## INFORMATION SUPPLIED
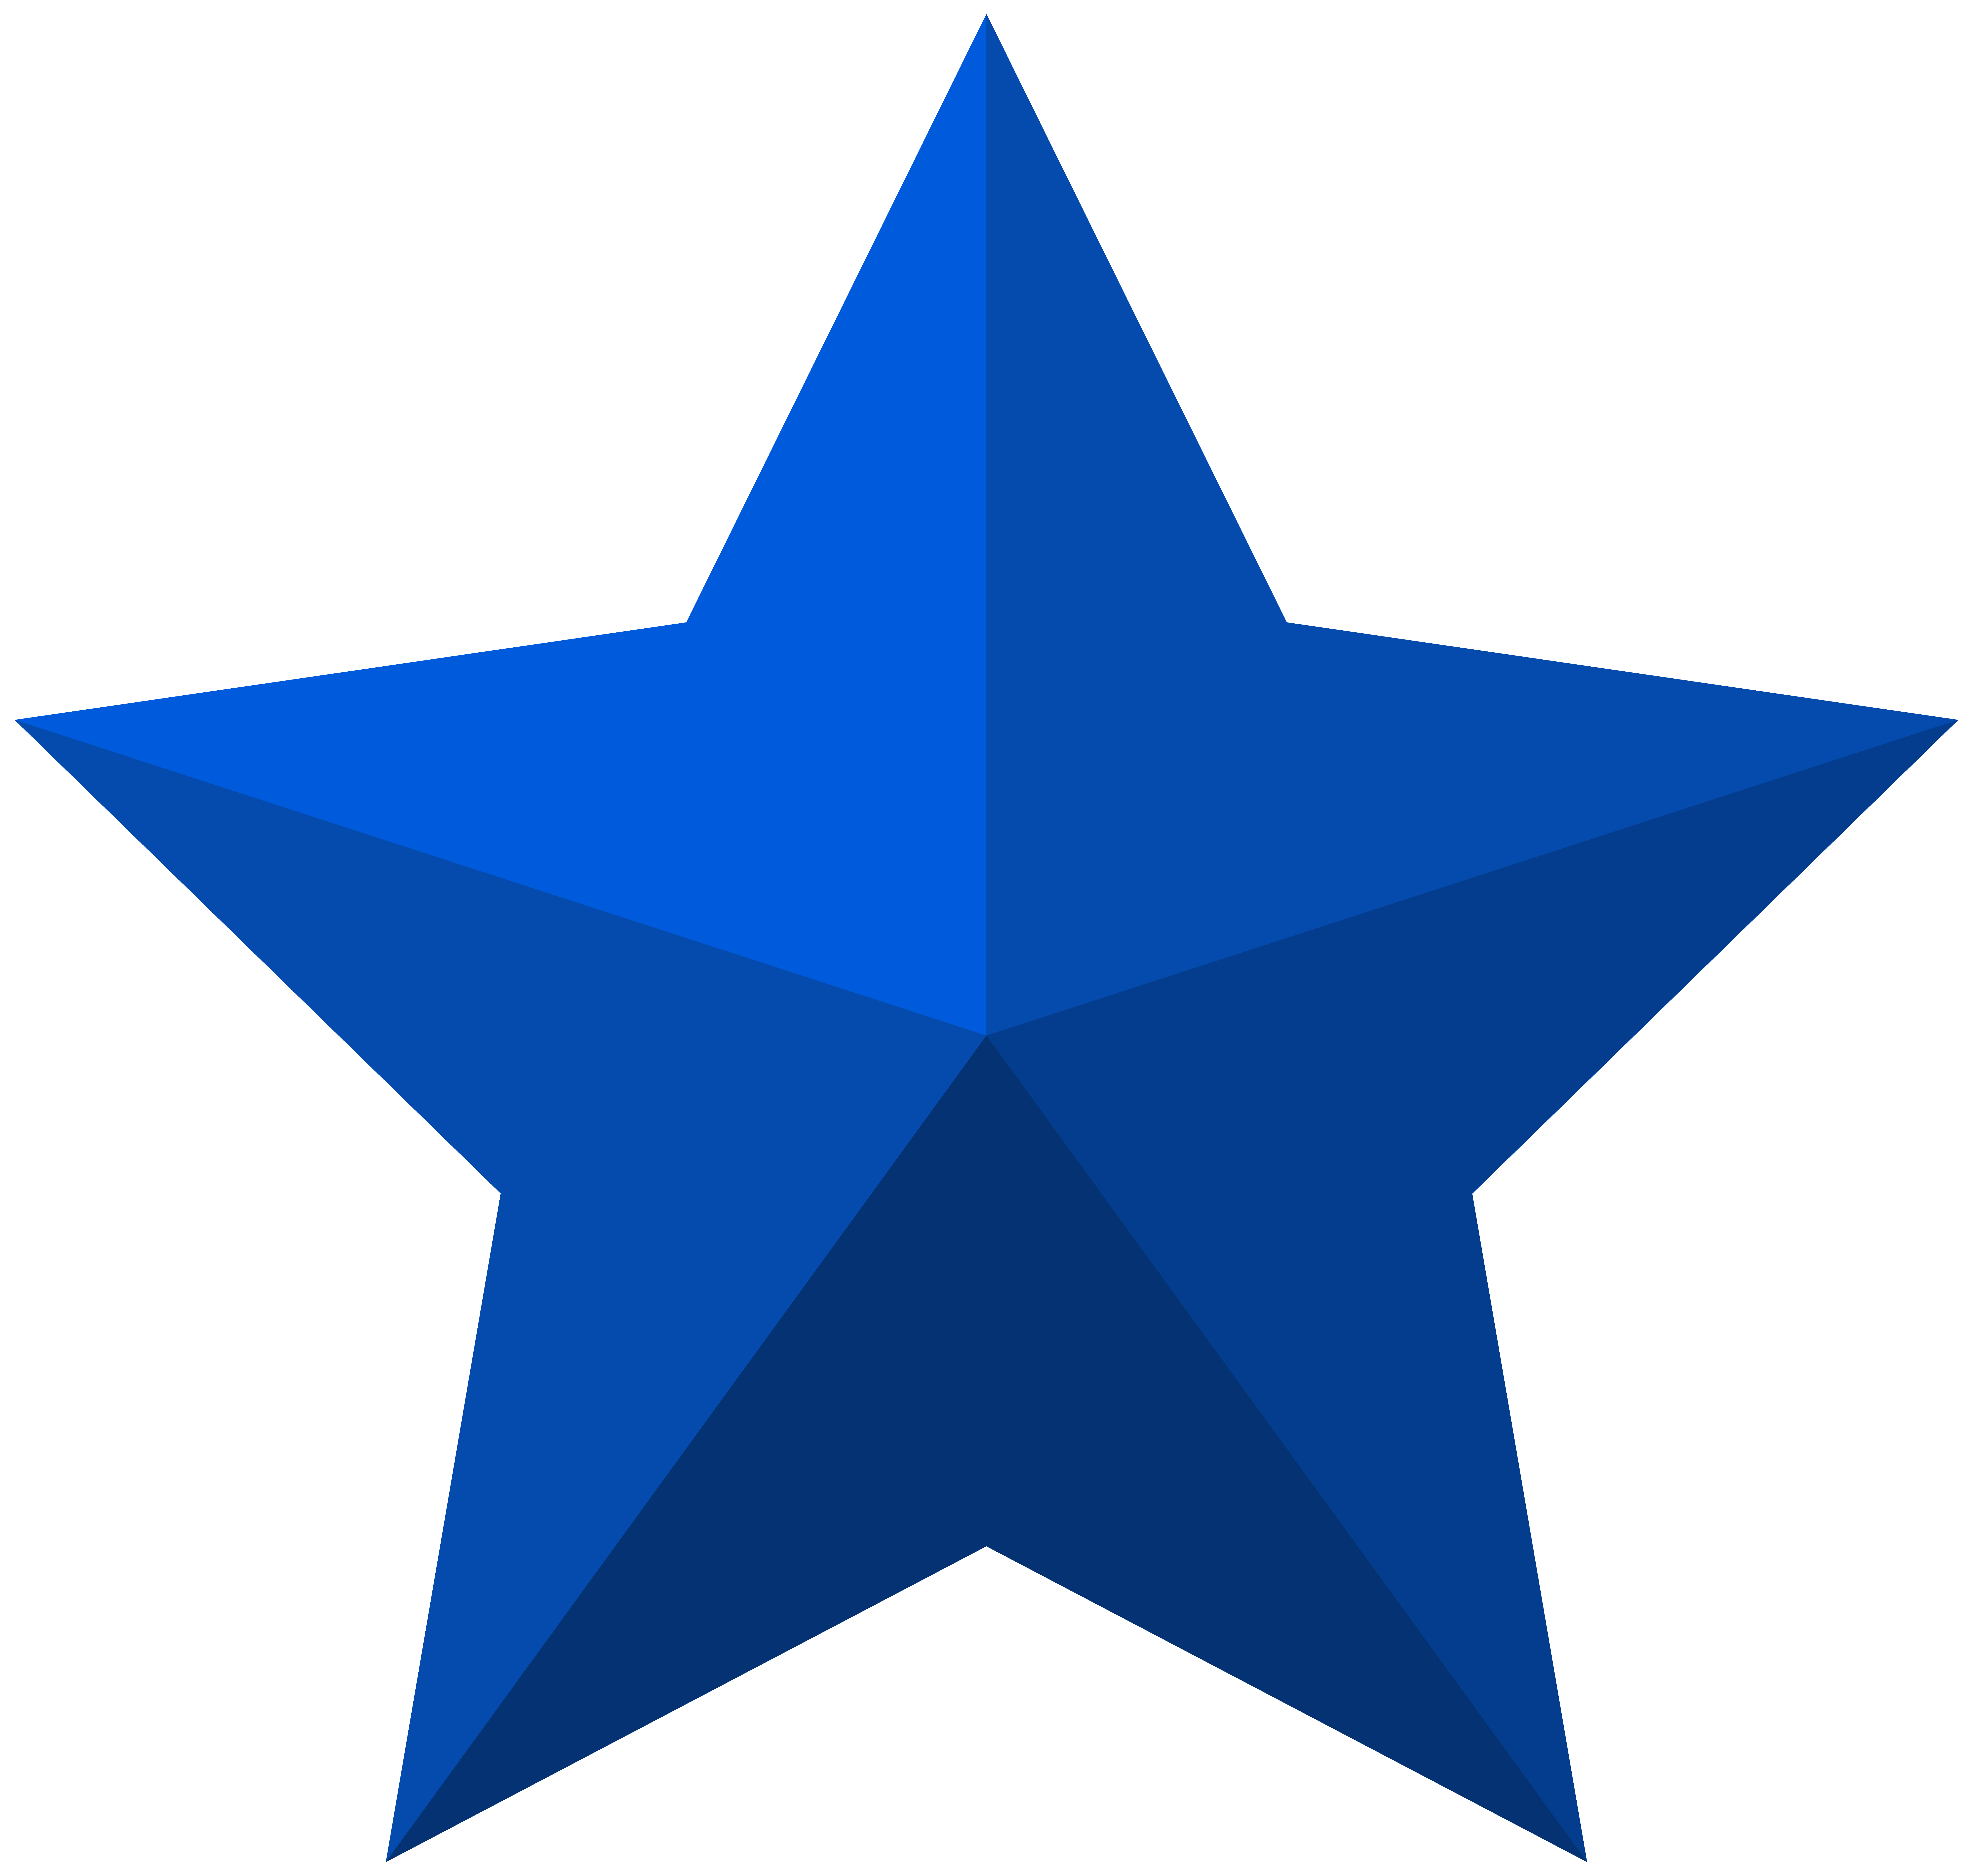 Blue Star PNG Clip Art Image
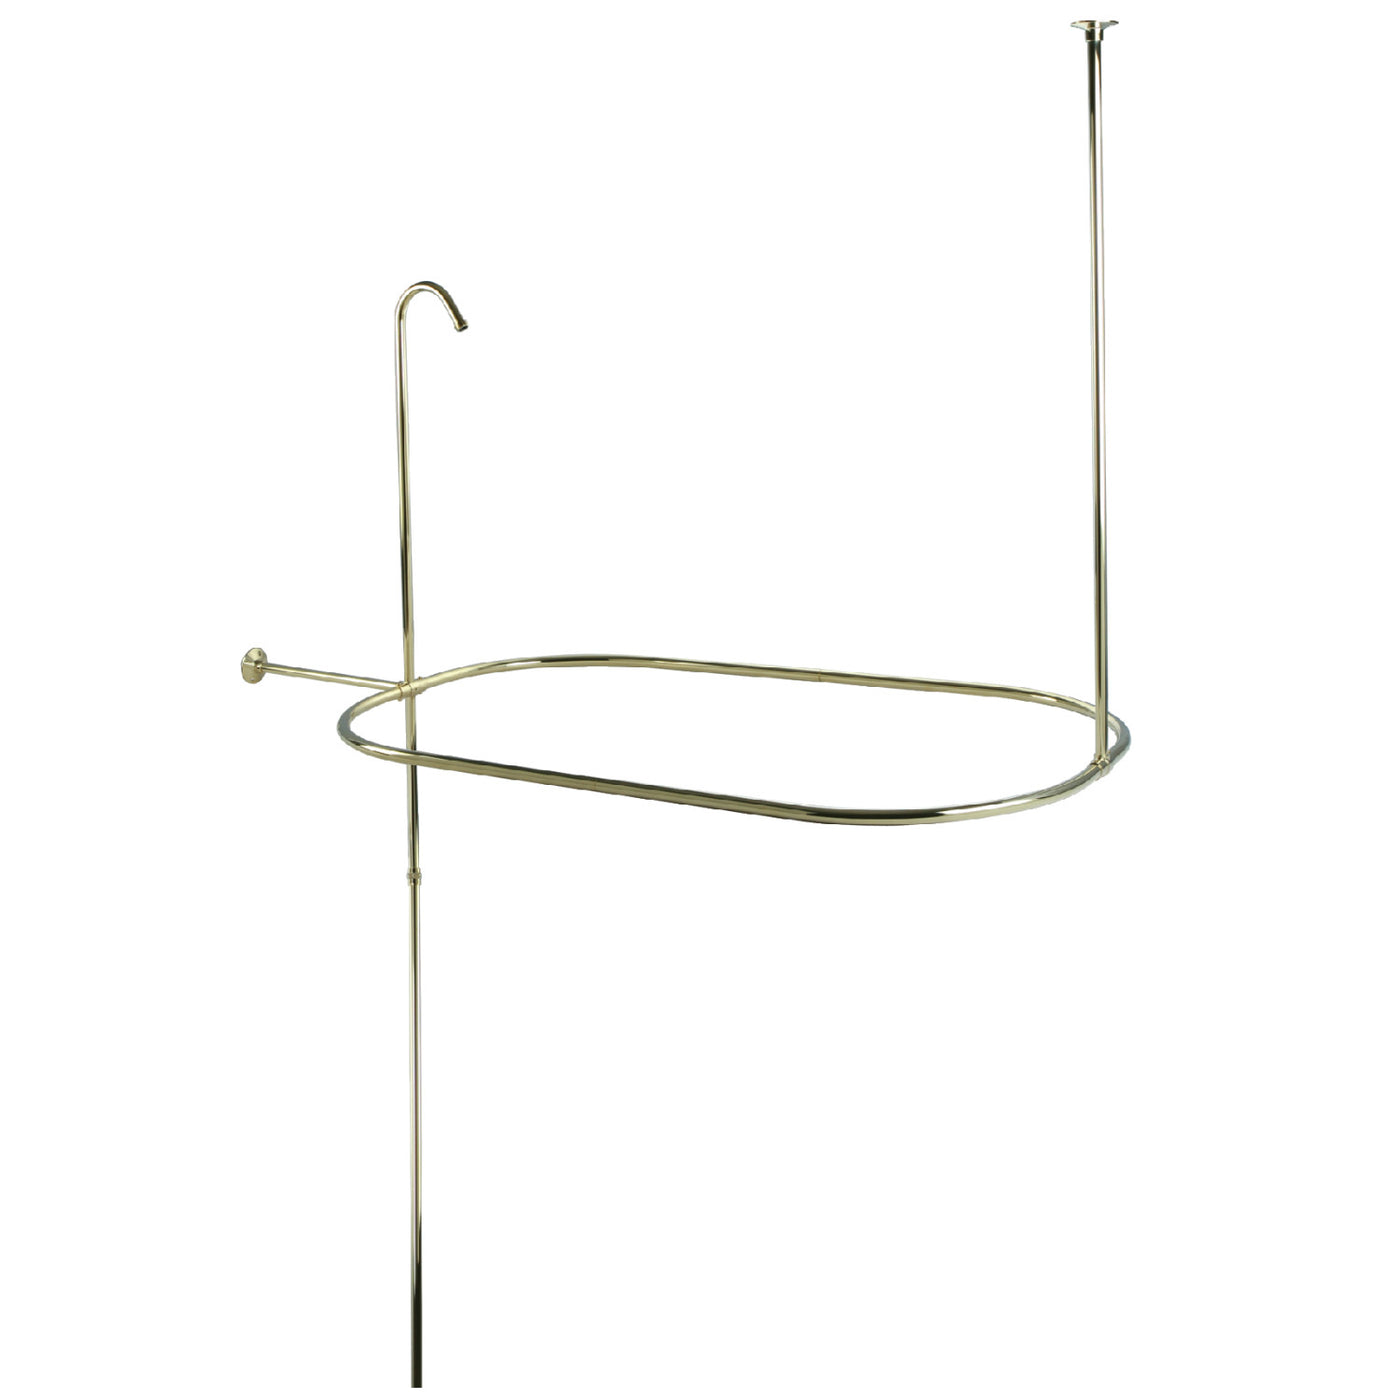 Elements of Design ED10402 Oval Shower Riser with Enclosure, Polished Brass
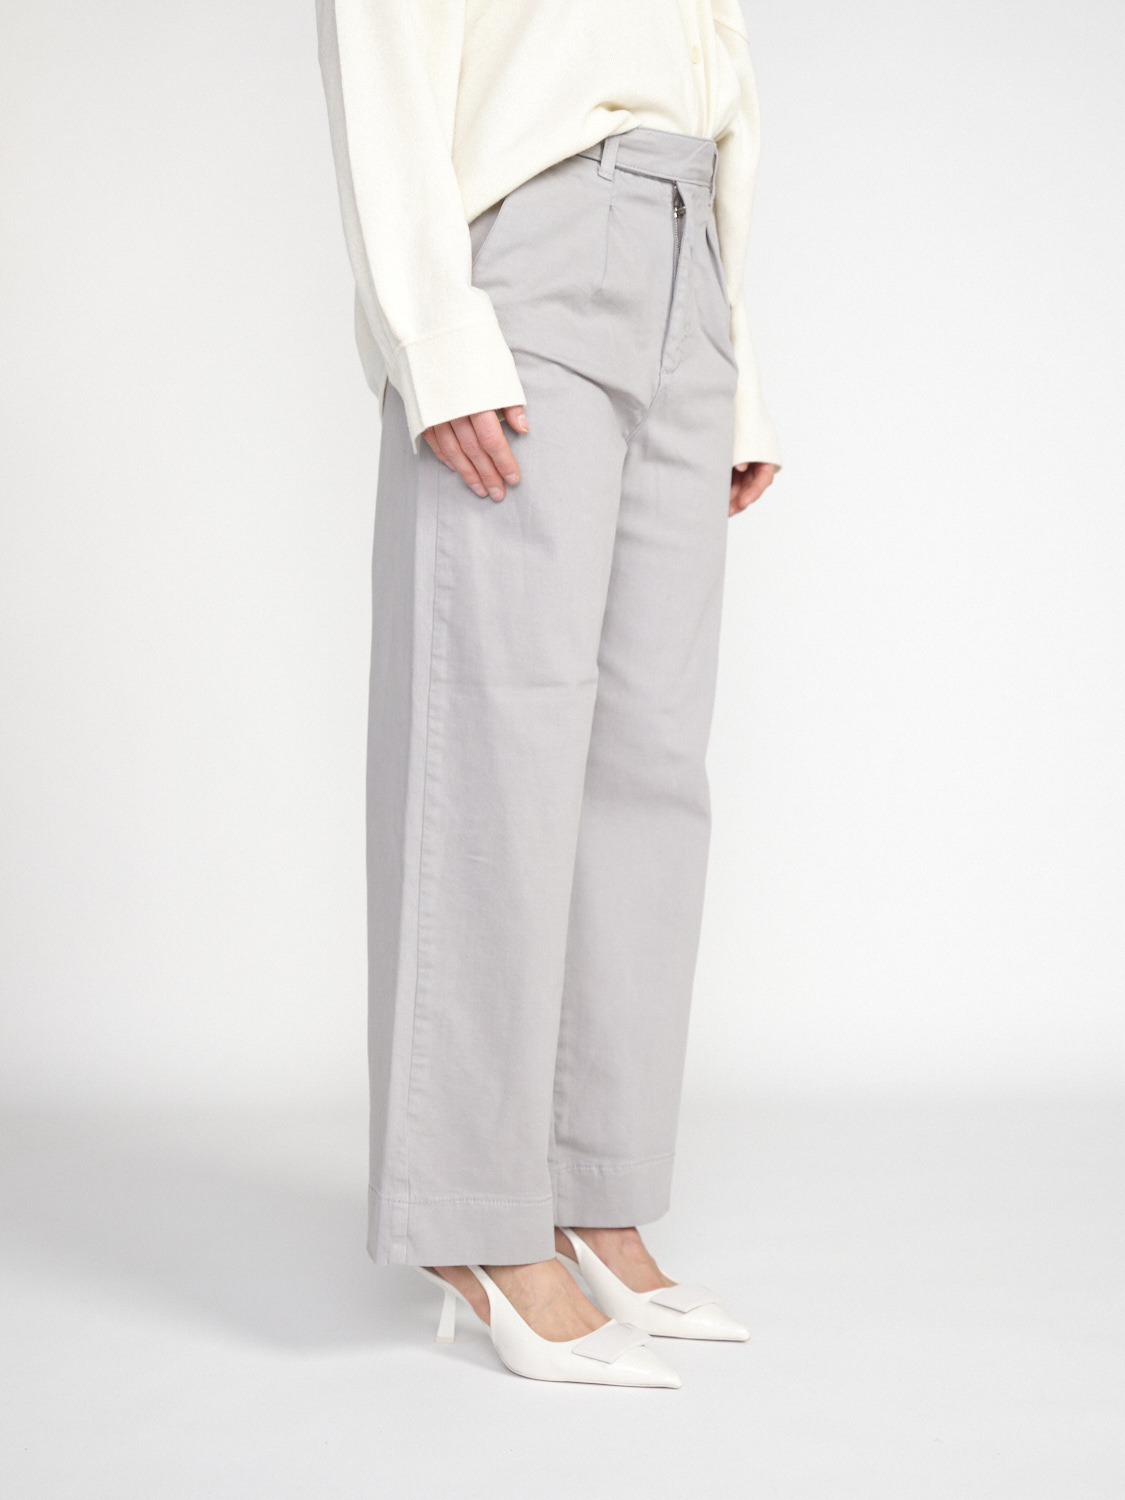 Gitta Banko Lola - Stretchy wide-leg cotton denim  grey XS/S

## EXERCISE GOAL
What is needed is an exact copy of the data, with the pictures removed.

## TASK OUTPUT
 Blue Star PNG Clip Art Image
 Elements of Design ED10402 Oval Shower Riser with Enclosure, Polished Brass
 Gitta Banko Lola - Stretchy wide-leg cotton denim  grey XS/S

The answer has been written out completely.